Georgia Anne Muldrow
“Ms. One” (2014)
Prince
“RUFF ENUFF” single (2016)
WEON
(WEONはベーシストのモノネオンとプロデューサーのクリスウォンツーとの実験的なデュオ)\
“WEON” (2013)
“Neon the Won” (2015)
Mac Miller
Circles (2020)
Nas
King’s Disease
Mono Neonの使用機材
MonoNeon(モノネオン)の使用機材:ベース
色々と使っていますが、よく使っているのはLakland Skyline 55-01だと言われています。
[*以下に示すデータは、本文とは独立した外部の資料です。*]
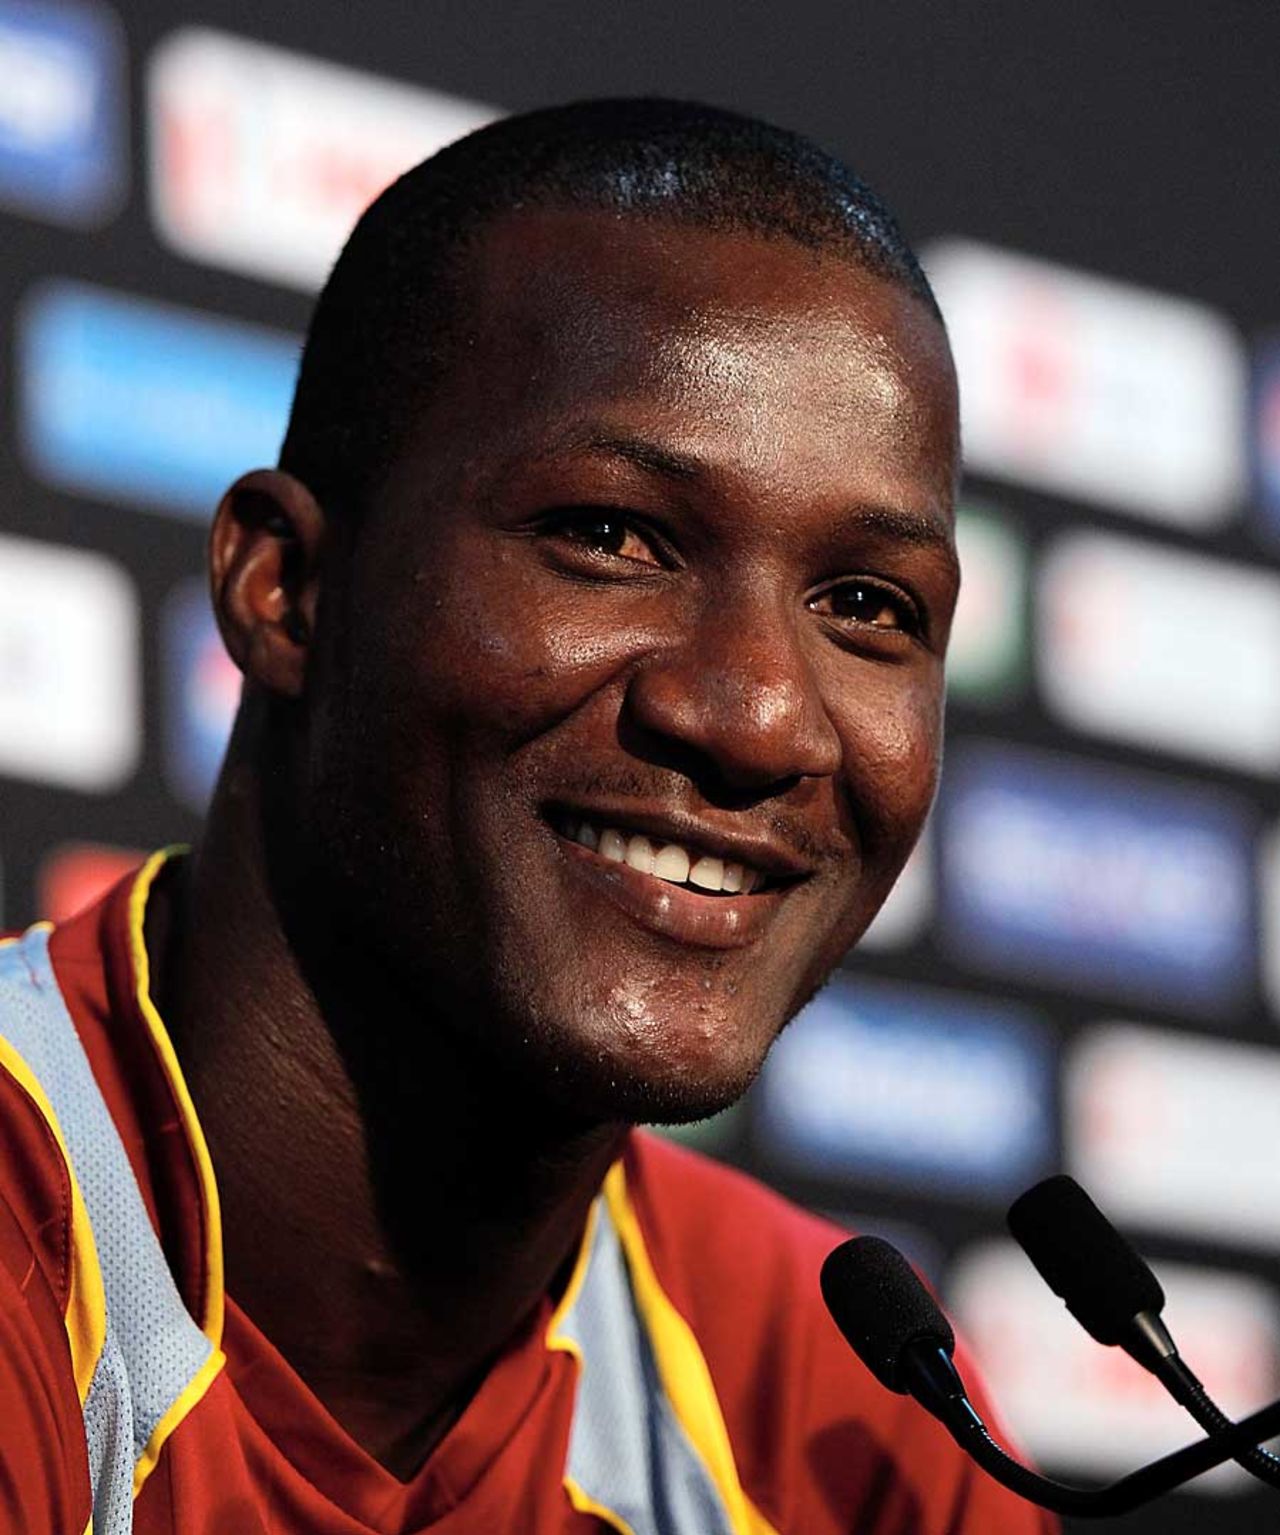 Darren Sammy at the pre-match press conference in Colombo, Colombo, October 6, 2012

クォーターノート(一般的なピアノは半音ごとなので、それの半分の音程)に対応したベース(一般的なフレット有のベースの更に倍のフレットが打ってある)をCallowHill Guitarsが製作しています。
アンプ
tc electronic blacksmithが紹介されているサイトもありますし、映像を見るとAMPEGを使っていたりもしています。EBSとも関わっています。
エフェクター
ワウペダルやフェイザーやコンプレッサーを床に転がして使っているようです。仕様エフェクターは多くなく、シンプルな音作りです(シンプルだけど個性的)。
TC electronic Helix Phaser
TC Electronic SpectraComp
DigiTech Whammy
Mono Neon の動画をご紹介
自分が気に入って観ている動画からいくつか選んでご紹介させていただきます。
少し前に、お気に入りのミュージシャンの『JD Back & DOMi』を当サイトで紹介したんですが、そのJD Back & DOMi と『MONO NEON 』が一緒に演奏している動画がいくつかアップされている物から1つ挙げておきます。
“Under The Spell Of You” – MonoNeon • DOMi • JD Beck (WHATEVA THE FYUCKS)
https://youtu.be/m-eTmy735AU
Mono Neon のYouTubeチャンネルから4つ動画ピックアップしました。
1つめは、
MonoNeon x J Dilla / “la la la”
https://youtu.be/NZvwqLgmcTc
MonoNeon with Ghost-Note “Live at the JammJam in Los Angeles”
2つめは、Ghost-Noteとやってるステージで、その中でもMono Neonがフューチャーされている動画です。
“The Gov’t Chicken Sandwiches” (Chick-Fil-A & Popeyes)
3つめは、人間のしゃべりをベースでトレースしつつ、それを音楽にする動画から最近もので良さげなのを1つ選びました。
MonoNeon LIVE at Summer Camp Music Festival
4つめは、Mone Neon がメインのステージで、あまり多くない長い映像からの1つです。
Ghost-Note – Full Set (Live Acoustic) | Sugarshack Sessions
Ghost-Noteのアコースティックライブです。それぞれの音が良く聞こえると思います。
NAMM 2017: Eric Gales & MonoNeon Live At The Dunlop Booth
同じ様に楽器を構えるEric Galesのギターとの絡みが良い感じです。